Pity. It causes surprising segfaults for existing code,
and few programmers seem to understand the cause or mechanism.

On affected architectures, modifying malloc() is the best option;
the amount of existing code that assumes malloc() returns a pointer
suitable for even vector types, is just too large to manage otherwise.

I guess it is best if I take the easy way out, and instead of
trying to fix the issue, I shall work around it. I can trivially
provide a small library to override the glibc allocator, providing
sufficiently aligned pointers even for vector types.

GNU Fortran already uses malloc()/calloc() wrappers, so it should
be easy to patch separately at the GCC end (although, to be honest,
I don't think that will be acceptable to GCC folks, either).

> The most recently discussed suggestion for dealing with malloc_get_state / 
> malloc_set_state is that malloc_set_state should mark all previous 
> allocations as unfreeable

I'm sure emacs users will love that feature.

I'd thought that a slow path that uses e.g. separate metadata pool, so that it
can trivially (but slowly) support any alignment, would have been a more
sensible approach. After all, most users I know would prefer slower operation
to out of memory errors.
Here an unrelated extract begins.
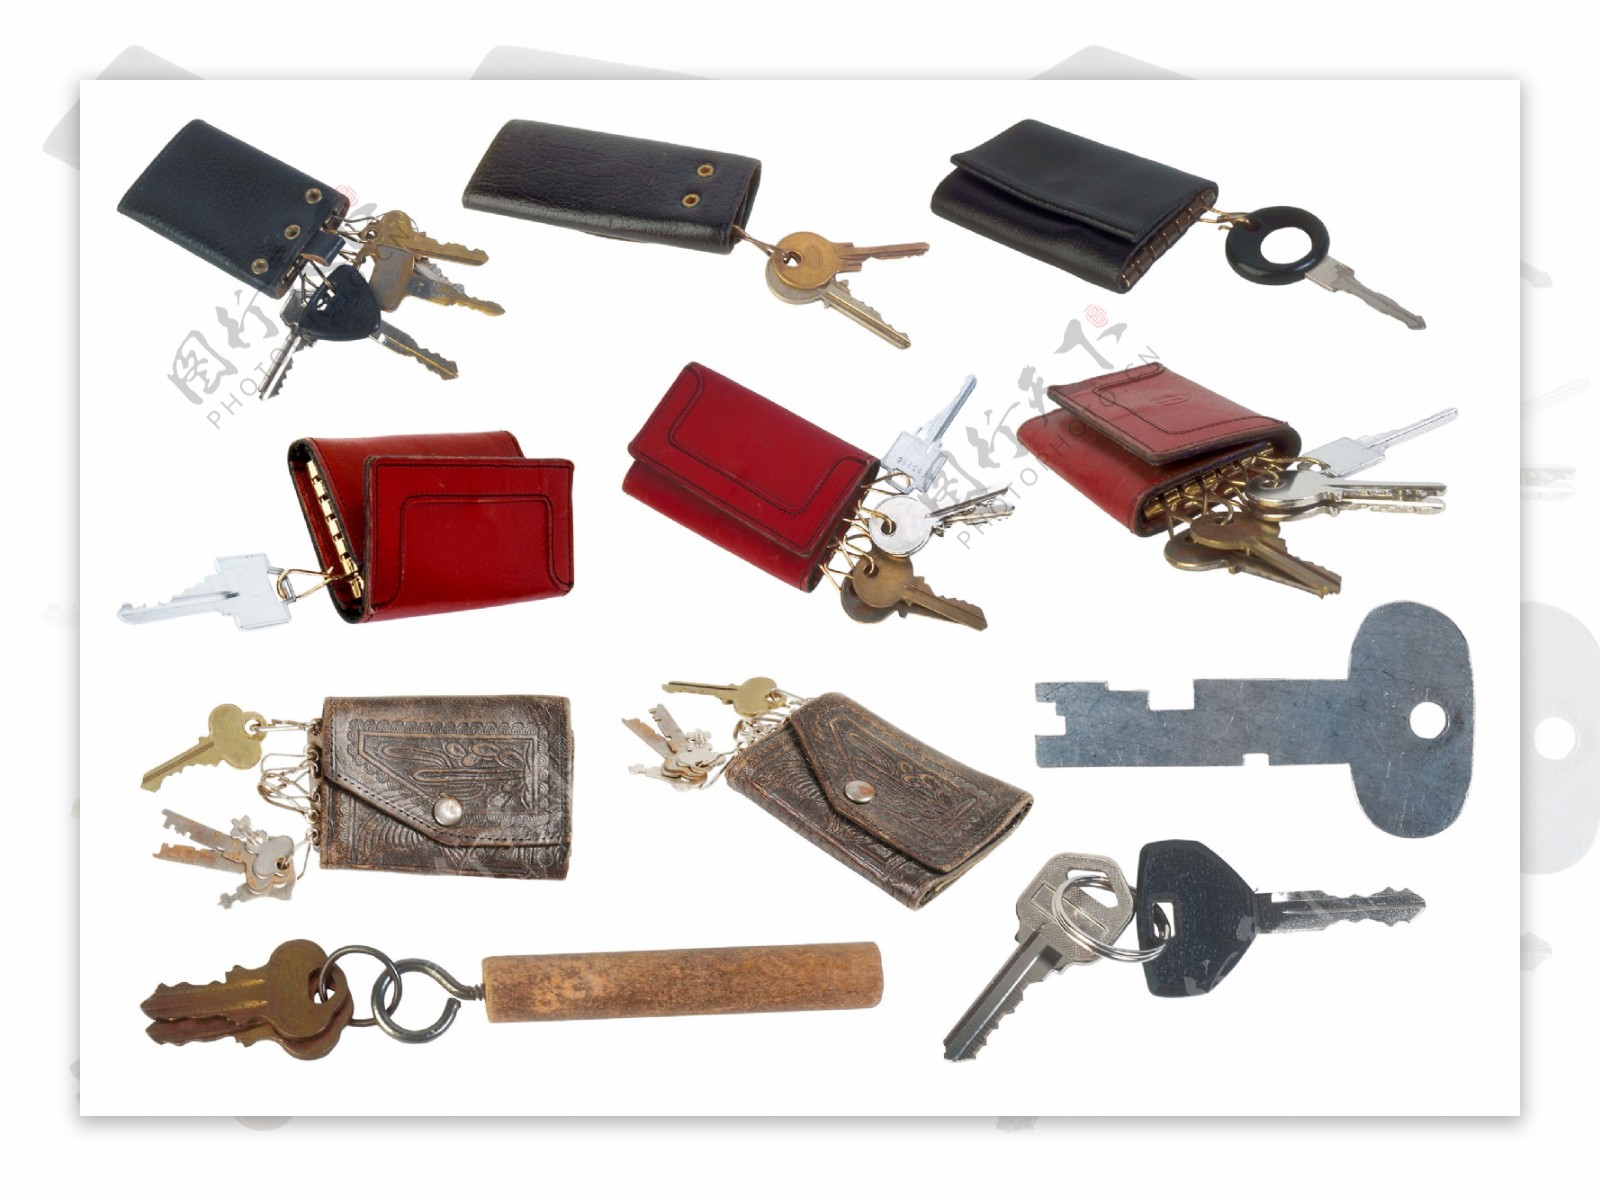 各种钥匙和钥匙包图片

Most Linux distributions do not have user limits that
would stop a memory-hogging userspace application from triggering the OOM
killer. (Or didn't it come up what would happen if the malloc_get_state() -
malloc_set_state() cycle would be repeated a few times?)

Anyway, thank you for your time, and for reading my overly verbose messages;
I'm sorry I couldn't be of more use with respect to this bug.